Document(id_='08a7d7b5-8315-4c1a-bd1b-cbddcaf921cf', embedding=None, metadata={'page_label': '1', 'file_name': 'indus-valley-civilization.pdf', 'file_path': '/content/data/indus-valley-civilization.pdf', 'file_type': 'application/pdf', 'file_size': 545423, 'creation_date': '2024-08-27', 'last_modified_date': '2022-03-22'}, excluded_embed_metadata_keys=['file_name', 'file_type', 'file_size', 'creation_date', 'last_modified_date', 'last_accessed_date'], excluded_llm_metadata_keys=['file_name', 'file_type', 'file_size', 'creation_date', 'last_modified_date', 'last_accessed_date'], relationships={}, text=' \n \nDownload Testbook App  \n \n \nIndus Valley Civilization (IVC) holds a prominent place in the glorious history of India.
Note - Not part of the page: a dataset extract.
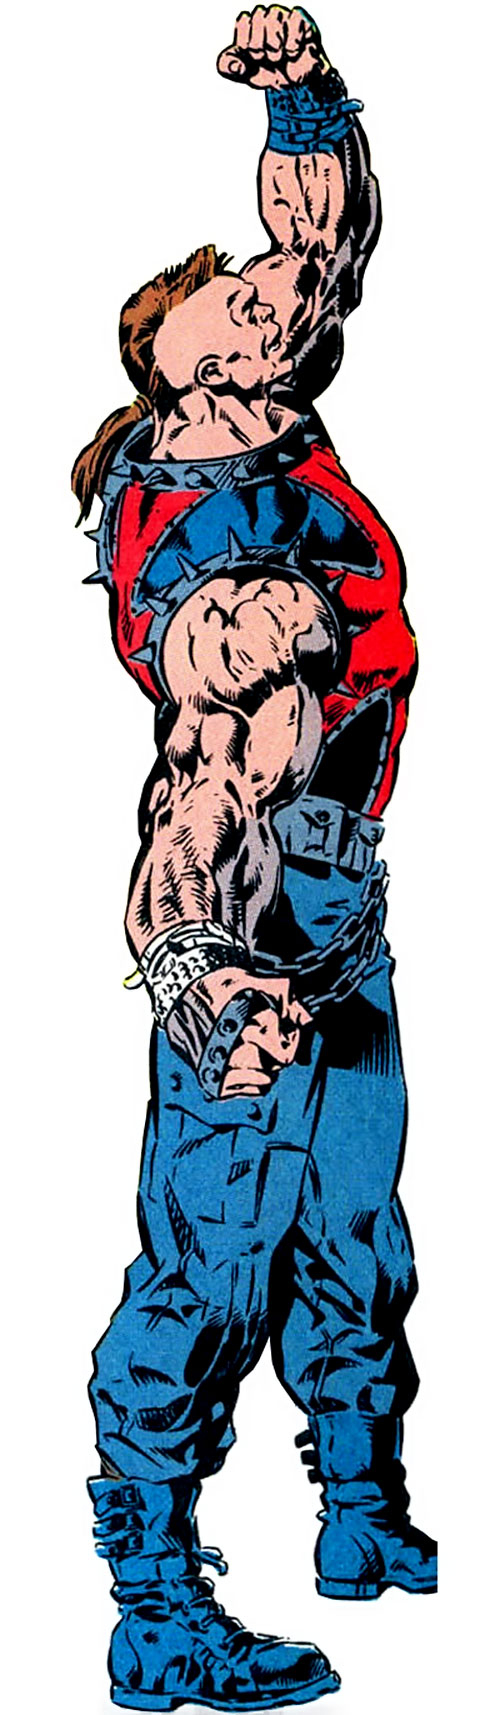 Iron Cross of the Cadre / Aryan Brigade (JLA enemy) (DC Comics)
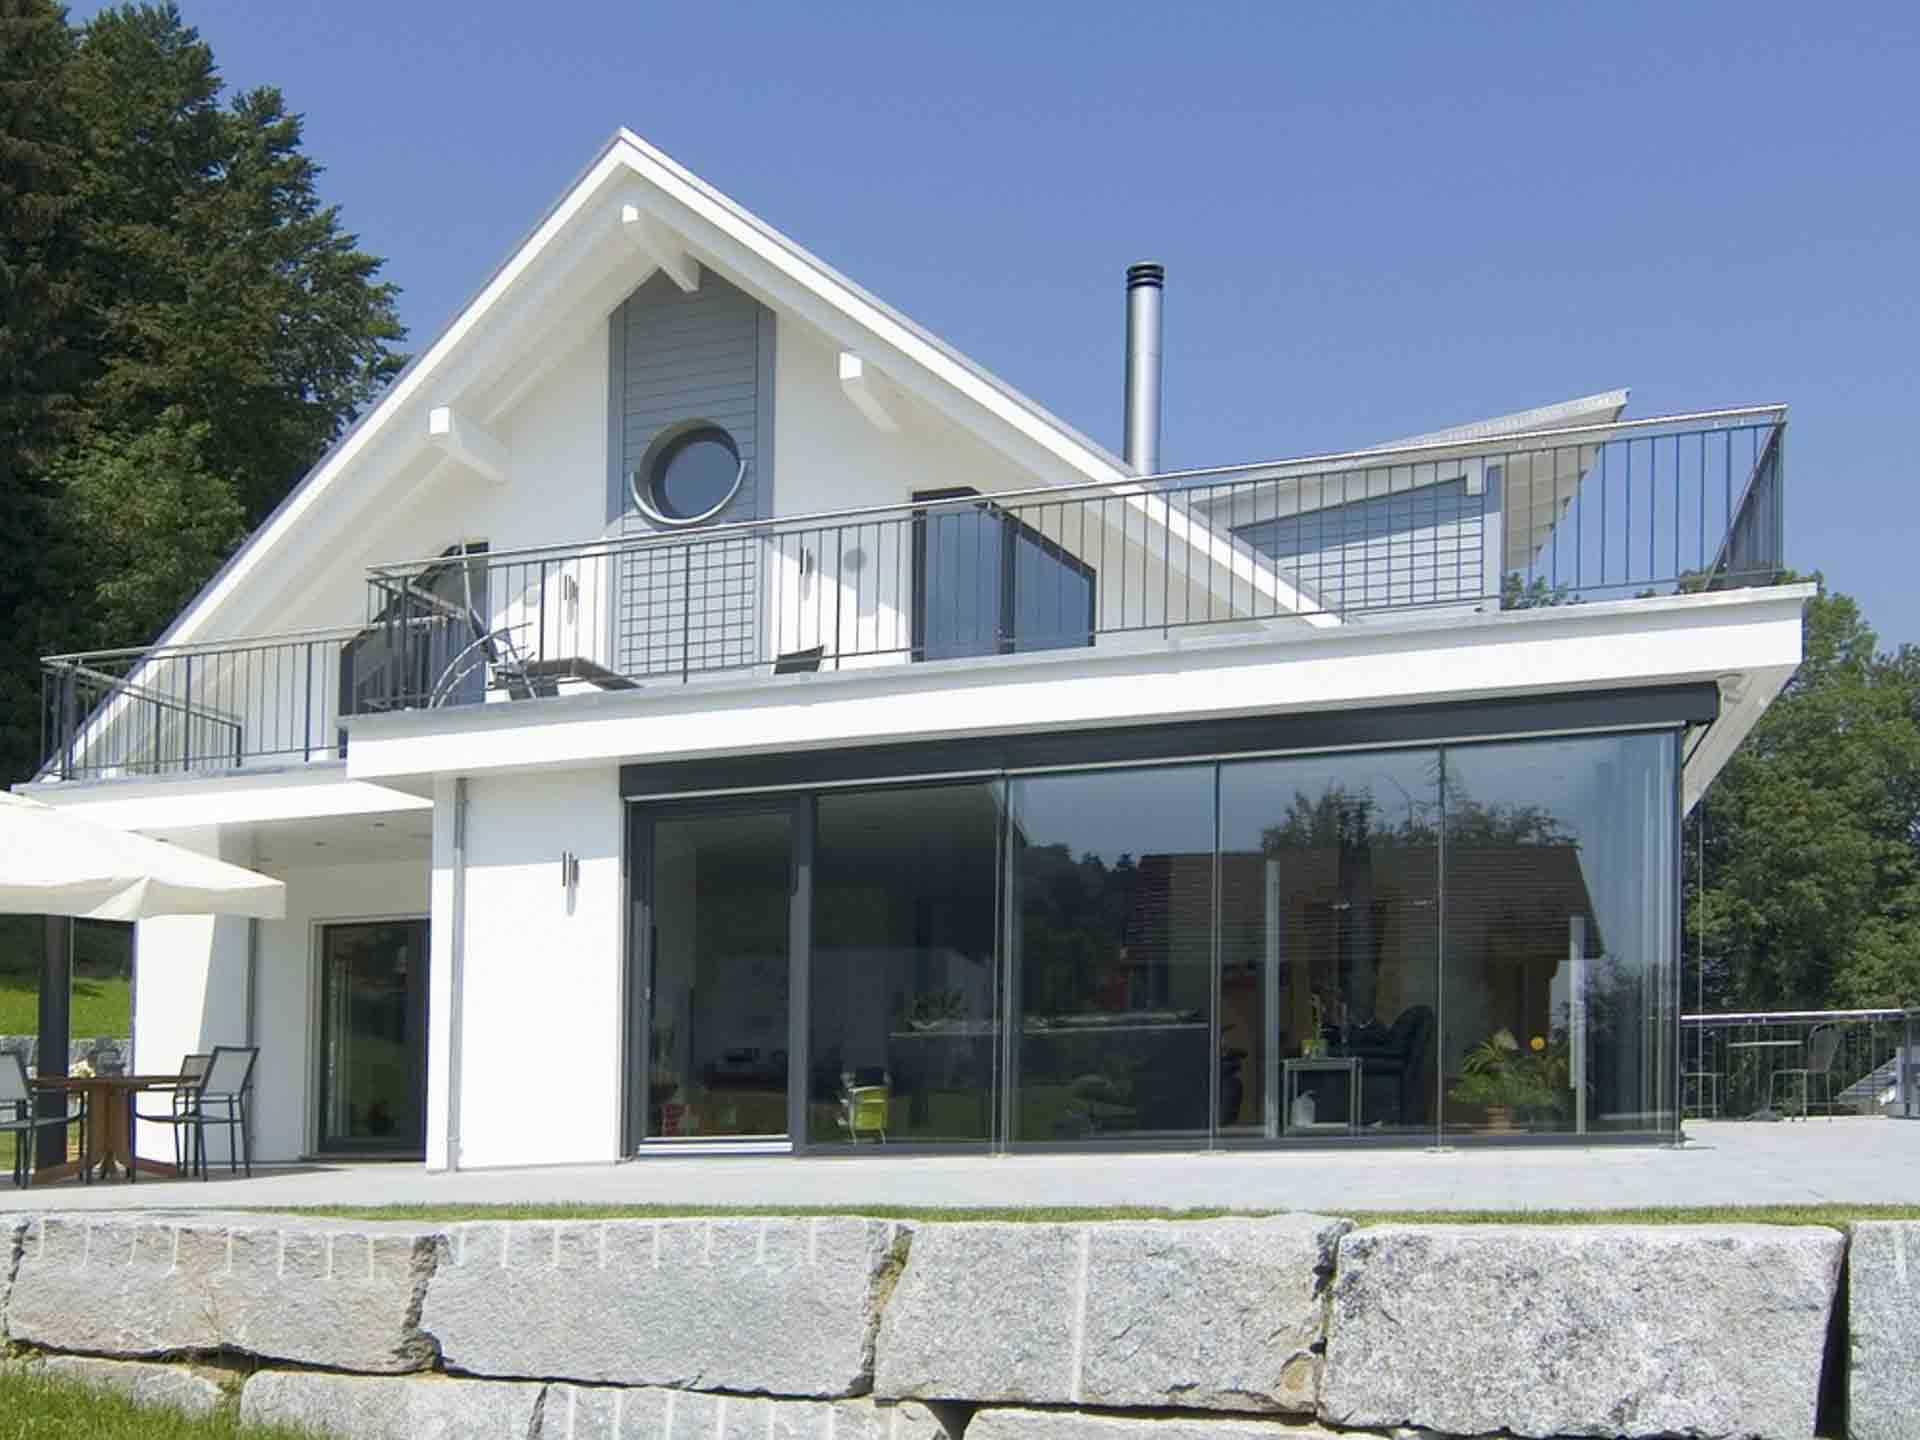 Einfamilienhaus mit Hanglage - WeberHaus | Musterhaus.net

It \nis also known as ‘Harappan Civilization’ as Harappa was the first city to be discovered \nalong the banks of river Ravi by Daya Ram Sahni in 1921. Indus Valley Civilization is one \nof the most important topics for  UPSC IAS Examination . \nIn this article on

In [16]:
# build index/vectorstore (document splitting, embedding, storing embeddings + chunks)
index = VectorStoreIndex.from_documents(documents)

In [17]:
query_engine = index.as_query_engine() #no history preserved

In [18]:
response = query_engine.query("what is the Geographical Extent of Indus Valley Civilization?")

In [19]:
display(Markdown(f"{response}"))

The Geographical Extent of Indus Valley Civilization covered regions such as Punjab, Sindh, Balochistan, Rajasthan, Gujarat, and Western Uttar Pradesh. It extended from Sutkagendor in Balochistan, Pakistan in the West to Alamgirpur in Western Uttar Pradesh in the East, and from Mandu in Jammu in the North to Daimabad in Ahmednagar, Maharashtra in the South. Additionally, some Indus Valley sites have been found as far away as Afghanistan and Turkmenistan.

In [20]:
index.storage_context.persist()

In [21]:
from llama_index.core import StorageContext, load_index_from_storage

storage_context = StorageContext.from_defaults(persist_dir="./storage")
index = load_index_from_storage(storage_context=storage_context)

In [24]:
from llama_index.core import Settings, set_global_service_context
from llama_index.embeddings.openai import OpenAIEmbedding
from llama_index.core.node_parser import SentenceSplitter
from llama_index.llms.openai import OpenAI

In [25]:
#define LLM
llm = OpenAI(temperature=0.1, model="gpt-3.5-turbo", max_tokens=512)

# configure service context
Settings.llm = OpenAI(model="gpt-3.5-turbo")
Settings.embed_model = OpenAIEmbedding(model="text-embedding-3-small")
Settings.node_parser = SentenceSplitter(chunk_size=512, chunk_overlap=20)
Settings.num_output = 512
Settings.context_window = 3900

# set_global_service_context(service_context)
index = VectorStoreIndex.from_documents(documents)

In [26]:
query_engine = index.as_query_engine(streaming=True)
response = query_engine.query("What is significane of Indus Valley?")
response.print_response_stream()

The significance of the Indus Valley Civilization lies in its advanced agricultural practices, extensive trade networks, unique burial practices, and scientific and technological achievements such as the development of a decimal-based numerical system that influenced other ancient civilizations.